Longtime Mexican bakery tries to fit in to a gentrifying Highland Park
Elsa’s Bakery predates the hipster hangouts in the neighborhood. The new owner is trying to respect its past and appeal to the present.
A small woman with grocery bags dangling from both forearms peeks through the glass door at Elsa's Bakery in Highland Park. She sees a sign that says "¡Celebrate Pan Dulce!" and a man waving at her from inside.
Edmundo Rodriguez, the bakery's new owner, greets her in Spanish. She squints at a tray of Mexican sweet bread and hums along to Enrique Iglesias' new hit, "Loco." Another song comes on — a popular one by Maná — and she keeps humming.
The bakery's soundtrack is subtle, but it's specific. Spanish only.
When Rodriguez and his son, Mario, took over the York Boulevard bakery from founders Manuel and Elsy Vargas in July, they cleared out the clutter, gave the back wall a coat of lavender paint and hung three black-and-white lithographs by East L.A.-born artist Gronk.
But even as they put their stamp on the bakery, they also wanted to respect its roots, and the couple who built it.

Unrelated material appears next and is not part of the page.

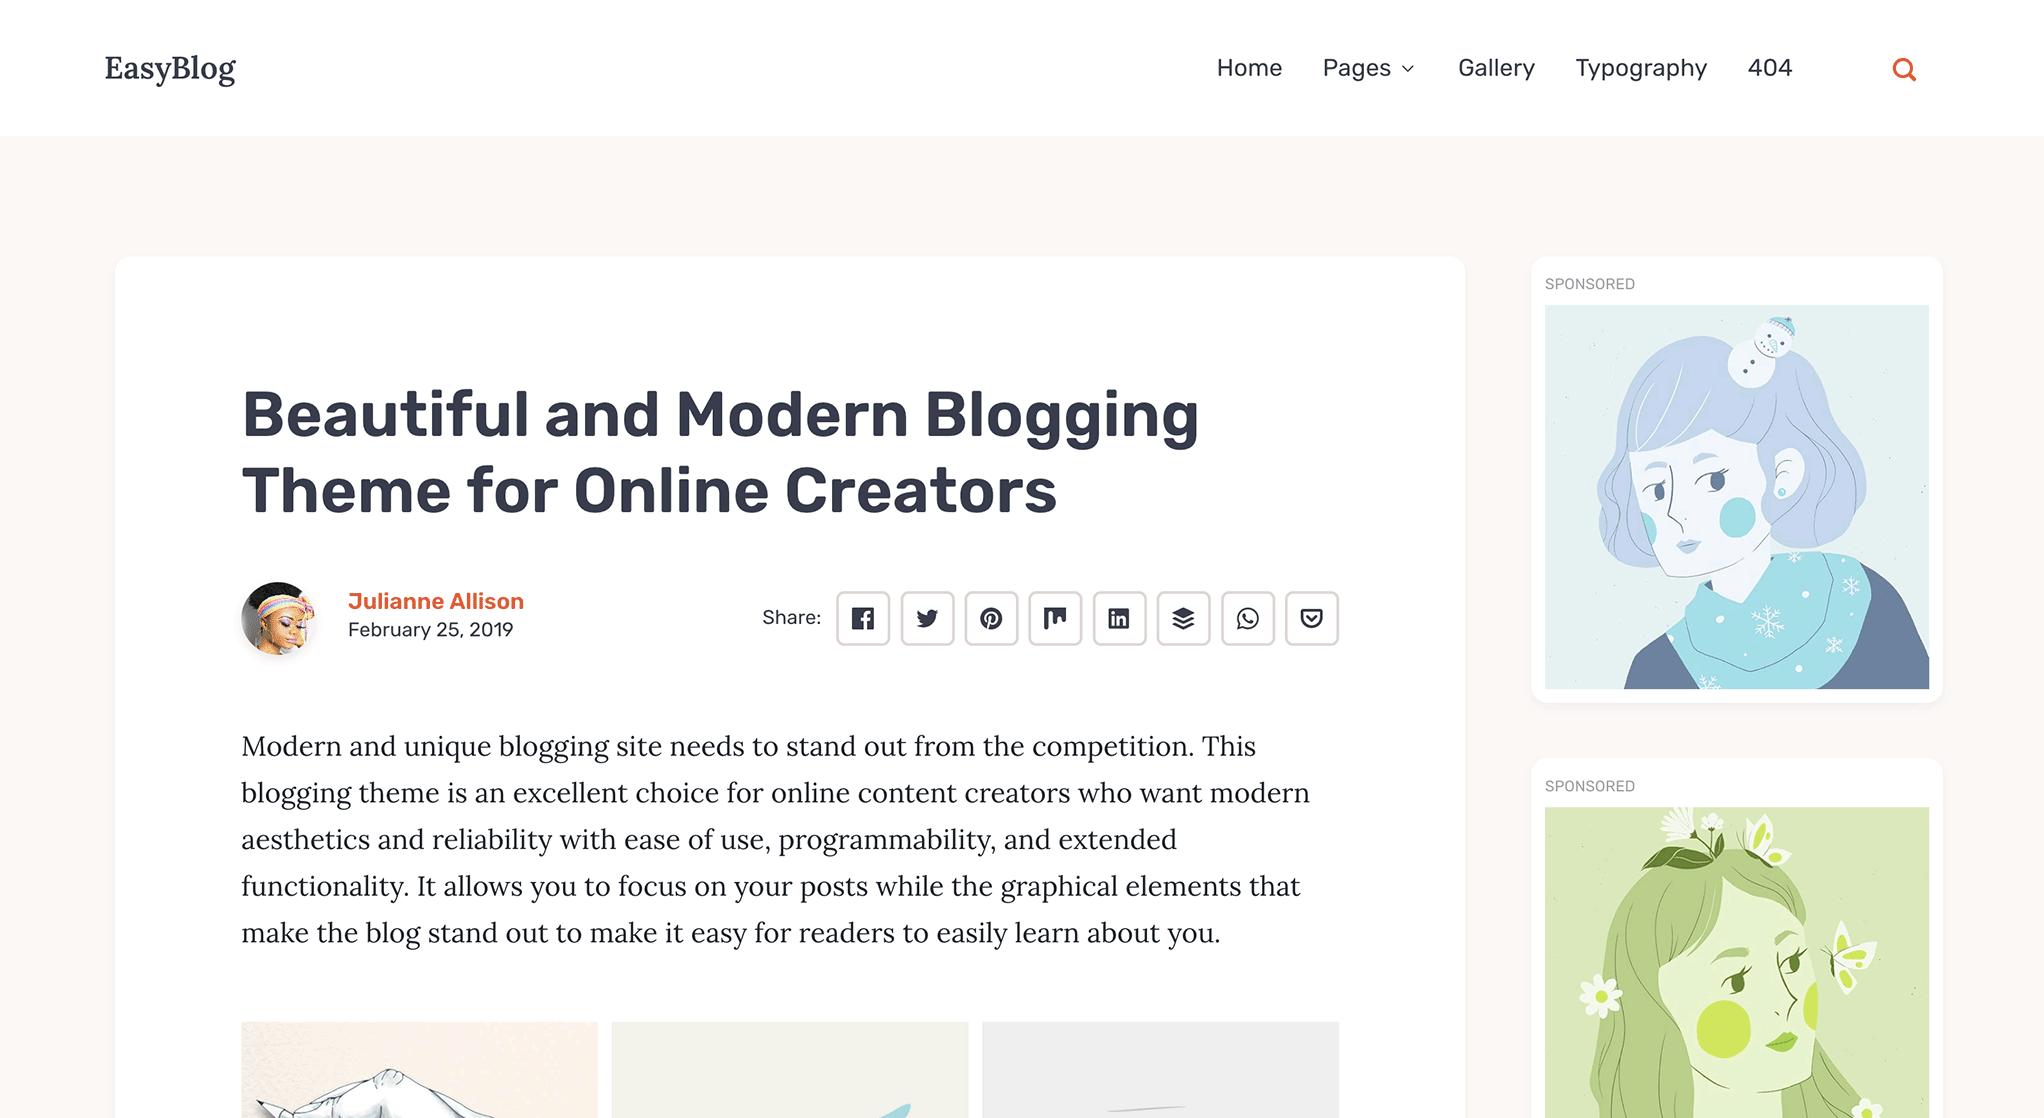 EasyBlog boxed post layout

So they kept the old name and the old baker, the one who shapes elotitos — the sweet bread named for the ears of corn they resemble — so quickly that it looks like he's dancing.
And they kept the sounds of Spanish.
Like York Boulevard, recently named the coolest street in L.A. by a national magazine, the bakery is caught somewhere between yesterday and tomorrow.
The easy-to-whiz-by strip of auto body shops and mercados has transformed into a mecca of mod. A street of vintage kitsch shops, cute bookstore-adjacent coffeehouses and pedestrian-lifestyle buzzwords like parklet and bike corral. A place where flannel shirt-wearing dads push strollers through a shop that sells a brass flamingo for $295.
For Bob McGibbon, whose auto body shop on the boulevard wears a "Since 1960" sign, this new York means adjusting to the quick turnover among new stores. Mickey Mouse businesses, he calls them. For Cathi Milligan, who runs a glass studio a couple of blocks over, it's hard not to link the declarations of cool with the threat of higher rent.
And for some, the hardest part is adjusting to a different neighborhood — a gentrifying one.
When new businesses open up, a stenciled, spray-painted message occasionally appears on their walls. It reads: "WE ARE NOT A DISPOSABLE COMMUNITY." Some residents use their Wi-Fi Internet log-in names to spotlight the us-versus-them tension. (One that pops up when you log on at coffee shops along York addresses "YOU HIPSTERS," preceded by a four-letter epithet.)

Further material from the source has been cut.